Only the text of the records belongs in the answer; the pictures must be dropped.

[Data records]
▬▬▬▬▬▬
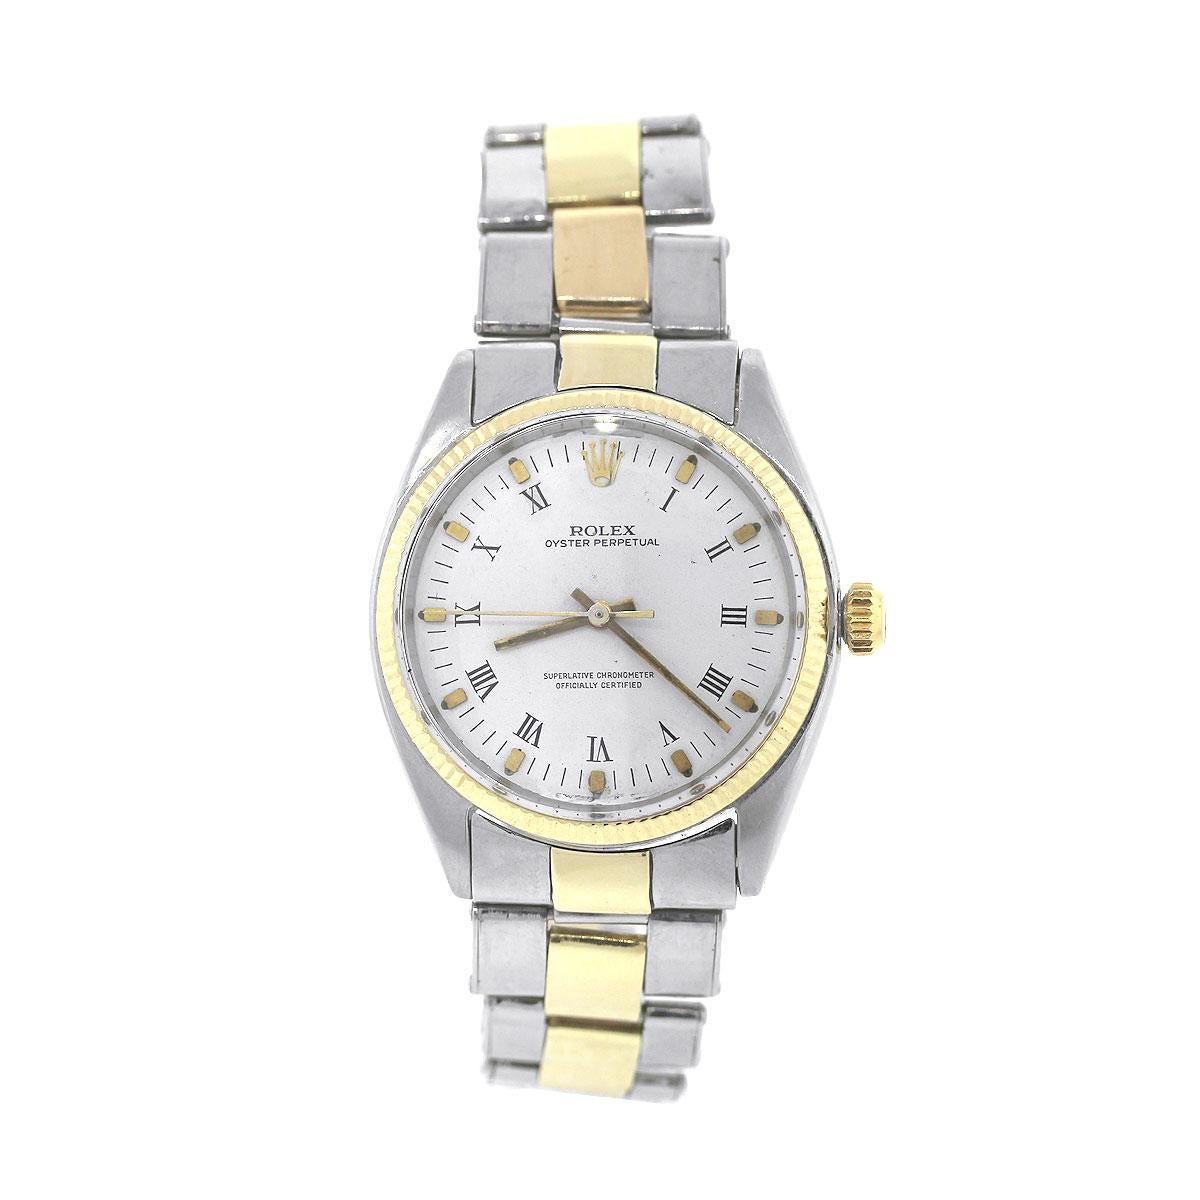 Brand: Rolex
MPN: 1005
Model: Oyster Perpetual
Case Material: Stainless Steel
Case Diameter: 36mm
Crystal: Plastic
Bezel: Fluted 18k Yellow Gold
Dial: White dial with gold hands, markers and roman numerals
Bracelet: Two tone oyster bracelet
Size:
▬▬▬▬▬▬
Answer section:
 Brand: Rolex
MPN: 1005
Model: Oyster Perpetual
Case Material: Stainless Steel
Case Diameter: 36mm
Crystal: Plastic
Bezel: Fluted 18k Yellow Gold
Dial: White dial with gold hands, markers and roman numerals
Bracelet: Two tone oyster bracelet
Size:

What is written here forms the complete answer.